Similarity Metrics (Mathematical Foundations) · Topic 59

Mathematical properties of a metric space

A metric (distance function) d on a set must satisfy: (1) non-negativity: d(x, y) ≥ 0; (2) identity: d(x, y) = 0 iff x = y; (3) symmetry: d(x, y) = d(y, x); (4) triangle inequality: d(x, z) ≤ d(x, y) + d(y, z). Many vector distances used in vector databases are true metrics; some similarity functions are not.

Summary

L2, L1, and angular distance are metrics. Cosine is a similarity (1 − cosine can violate triangle inequality). Dot product is neither a metric nor bounded.
Graph-based ANN (e.g. HNSW) uses the triangle inequality to prune; prefer metric distances. Cosine is often implemented as L2 on normalized vectors or angular distance. See custom distance functions.
Triangle inequality: d(x, z) ≤ d(x, y) + d(y, z); ANN algorithms use it to bound distances and skip branches during graph or tree traversal.
Pipeline: choose a built-in metric (L2, cosine/IP, L1) so the index can use pruning; avoid non-metric “distances” unless the engine explicitly supports them.
Practical tip: L2 and angular (or L2 on normalized vectors for cosine) are metrics; use one of them for best index compatibility and pruning.
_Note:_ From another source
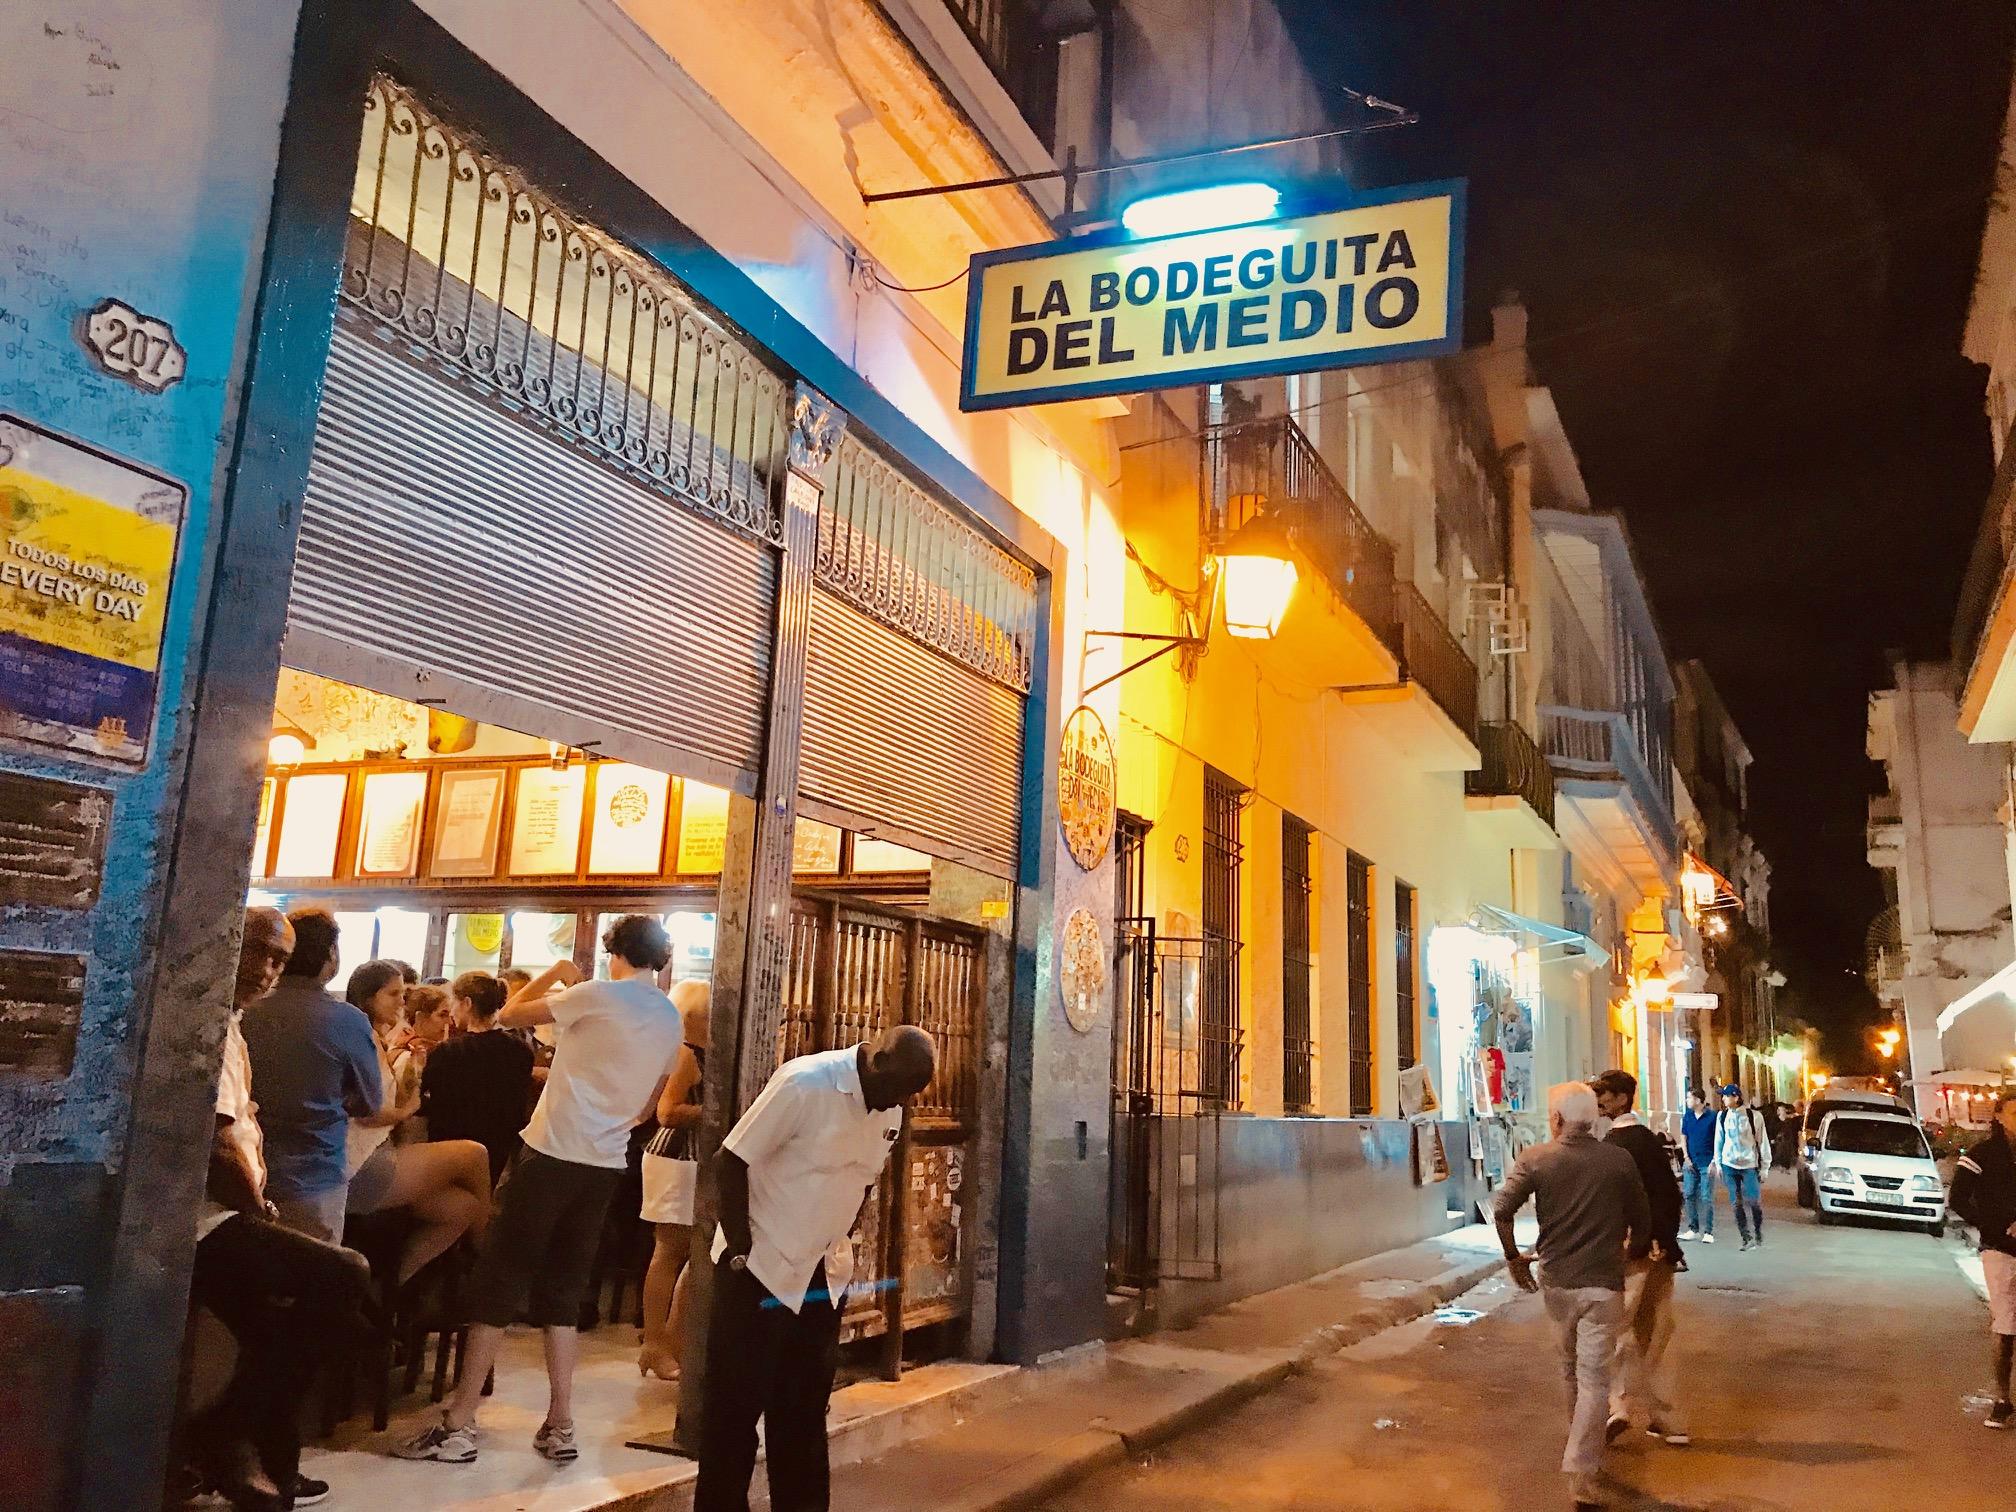 Cuba Bodeguita 2

Which functions are metrics

L2, L1, and angular distance are metrics. Cosine similarity is not a distance (it’s a similarity; 1 − cosine is not a metric because it can violate the triangle inequality). The dot product is neither a metric nor bounded. Graph-based ANN algorithms like HNSW rely on the triangle inequality to prune paths during search; they are designed for metric distances.

Using a non-metric “distance” can still work for nearest-neighbor ranking but may weaken theoretical guarantees of the index. Practical tip: when in doubt, use L2 or cosine (via normalized + dot product); both are well supported and either is a true metric (L2) or is implemented as one (angular/L2 on unit vectors). See Hamming distance for binary vectors for another common metric.

Choosing and implementing distance

When implementing or choosing a distance function, check whether your index assumes a metric. If it does, prefer L2 or angular distance (or the index’s native metric). If you use cosine, many systems convert it to angular distance or to L2 on normalized vectors so that the index sees a proper metric while you reason in terms of similarity.

Trade-off: metric distances enable efficient pruning and have clear semantics; non-metric similarities (e.g. raw dot product on unnormalized vectors) can still rank correctly but may not integrate well with graph or tree indexes that assume the triangle inequality. For custom or non-standard metrics, custom distance functions: are they supported describes engine support and workarounds.

Pipeline summary: when creating a collection, pick a built-in metric (L2, cosine/IP, L1) so the index can exploit the triangle inequality. If you need a non-metric similarity, pre-transform vectors so that L2 in the transformed space matches your notion, or use a two-stage pipeline (ANN with a metric, then re-rank with your function). Mathematical properties of a metric space underpin why L2, L1, angular, and Hamming are safe choices for graph and tree indexes.

Frequently Asked Questions

What is the triangle inequality?

d(x, z) ≤ d(x, y) + d(y, z). The direct distance between two points is at most the distance via any third point. Used by ANN to prune search.

Is cosine similarity a metric?

No. It’s a similarity (higher = closer). 1 − cosine is not a metric either (can violate triangle inequality). Angular distance (angle in radians) is a metric.

Why do ANN indexes care about metrics?

Graph and tree indexes use the triangle inequality to bound distances and skip branches. Non-metric “distances” can break those guarantees and hurt recall or correctness.

Is Hamming distance a metric?

Yes. Non-negative, zero iff equal, symmetric, and satisfies the triangle inequality. See Hamming distance for binary vectors.